Filter, select, group, join, and use window functions with a PySpark-like API. For arbitrary schemas, use spark._create_dataframe_from_rows(rows, schema). See the User Guide and full documentation for details.

UDFs and pandas_udf (Python)

  • Scalar Python UDFs: spark.udf().register("name", f, return_type=...) and call_udf("name", col("x")), or use the returned UserDefinedFunction directly in with_column / select.
  • Vectorized Python UDFs: spark.udf().register("name", f, return_type=..., vectorized=True) for column-wise batch UDFs (one output per input row) in with_column / select.
  • Grouped vectorized UDFs (GROUPED_AGG): @rs.pandas_udf("double", function_type="grouped_agg") for per-group aggregations in group_by().agg([...]), returning one value per group.

See docs/UDF_GUIDE.md (or the “UDF guide” section in the online docs) for full details, semantics, and limitations.

Optional features (install from source)

Building from source requires Rust and maturin. Clone the repo, then:

pip install maturin
maturin develop --features pyo3           # default: DataFrame API
maturin develop --features "pyo3,sql"      # spark.sql(), temp views, saveAsTable (in-memory tables), catalog.listTables/dropTable, read_delta(name)
maturin develop --features "pyo3,delta"   # read_delta / write_delta (path I/O)
maturin develop --features "pyo3,sql,delta" # all optional features

Type checking

The package ships with PEP 561 type stubs (robin_sparkless.pyi). Use mypy, pyright, or another checker:

pip install robin-sparkless mypy
mypy your_script.py

For Python 3.8 compatibility, use mypy <1.10 (newer mypy drops support for python_version = "3.8" in config). The project’s pyproject.toml includes [tool.mypy] and [tool.ruff] with target-version / python_version set for 3.8.

Development

From a clone of the repo:

# Full CI-like check (Rust + Python lint + Python tests)
make check-full

Or step by step:

python -m venv .venv
source .venv/bin/activate   # or .venv\Scripts\activate on Windows
pip install maturin pytest
maturin develop --features "pyo3,sql,delta"
pytest tests/python/ -v

Python lint and type-check (run by make check-full):

pip install ruff 'mypy>=1.4,<1.10'
ruff format --check .
ruff check .
mypy .

CI uses the same tooling: ruff, mypy<1.10 (Python 3.8), and pytest. PySpark is not required for tests (parity expectations are predetermined).

Links

Resource URL
Documentation robin-sparkless.readthedocs.io
User Guide docs/USER_GUIDE.md
Python API docs/PYTHON_API.md
UDF Guide docs/UDF_GUIDE.md
Source github.com/eddiethedean/robin-sparkless
Rust crate crates.io/crates/robin-sparkless

License

MIT

Project details


Download files

Download the file for your platform. If you're not sure which to choose, learn more about installing packages.

Source Distributions

No source distribution files available for this release.See tutorial on generating distribution archives.

Built Distributions

If you're not sure about the file name format, learn more about wheel file names.
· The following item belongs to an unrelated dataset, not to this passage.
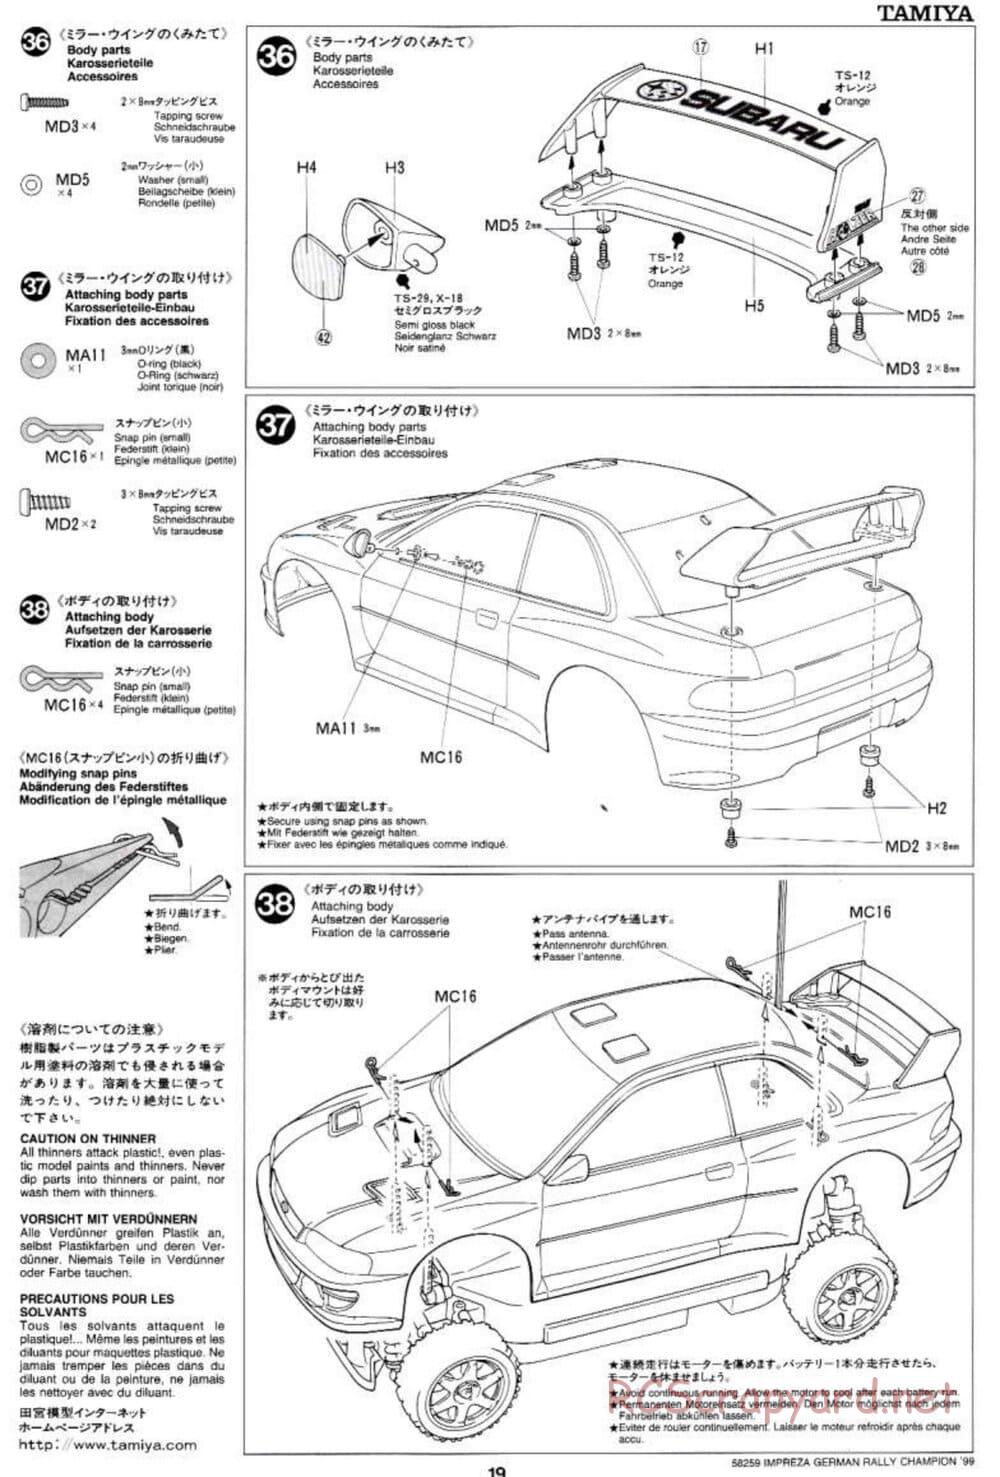 Tamiya - Subaru Impreza German Rally Champion 99 - TB-01 Chassis - Manual - Page 19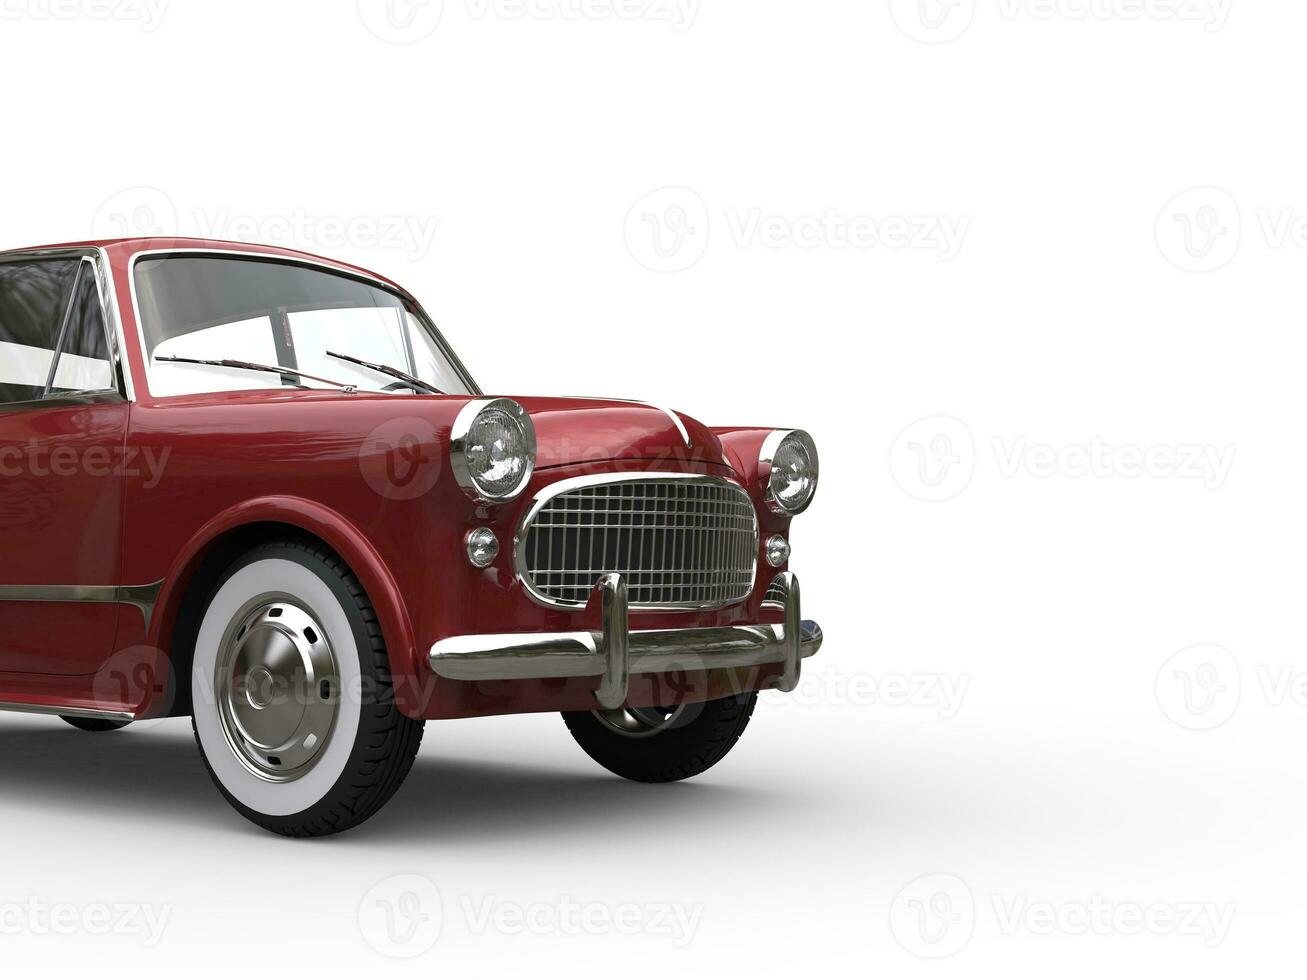 Metallic cherry red vintage small compact car - closeup cut shot photo

robin_sparkless-0.8.3-cp38-abi3-win_arm64.whl (14.6 MB view details)

Uploaded CPython 3.8+Windows ARM64

robin_sparkless-0.8.3-cp38-abi3-win_amd64.whl (16.3 MB view details)

Uploaded CPython 3.8+Windows x86-64

robin_sparkless-0.8.3-cp38-abi3-musllinux_1_2_x86_64.whl (15.2 MB view details)

Uploaded CPython 3.8+musllinux: musl 1.2+ x86-64

robin_sparkless-0.8.3-cp38-abi3-musllinux_1_2_aarch64.whl (13.9 MB view details)

Uploaded CPython 3.8+musllinux: musl 1.2+ ARM64

robin_sparkless-0.8.3-cp38-abi3-manylinux_2_28_aarch64.whl (14.2 MB view details)

Uploaded CPython 3.8+manylinux: glibc 2.28+ ARM64

robin_sparkless-0.8.3-cp38-abi3-manylinux_2_17_x86_64.manylinux2014_x86_64.whl (15.2 MB view details)

Uploaded CPython 3.8+manylinux: glibc 2.17+ x86-64

robin_sparkless-0.8.3-cp38-abi3-macosx_11_0_arm64.whl (16.1 MB view details)

Uploaded CPython 3.8+macOS 11.0+ ARM64

robin_sparkless-0.8.3-cp38-abi3-macosx_10_12_x86_64.whl (16.9 MB view details)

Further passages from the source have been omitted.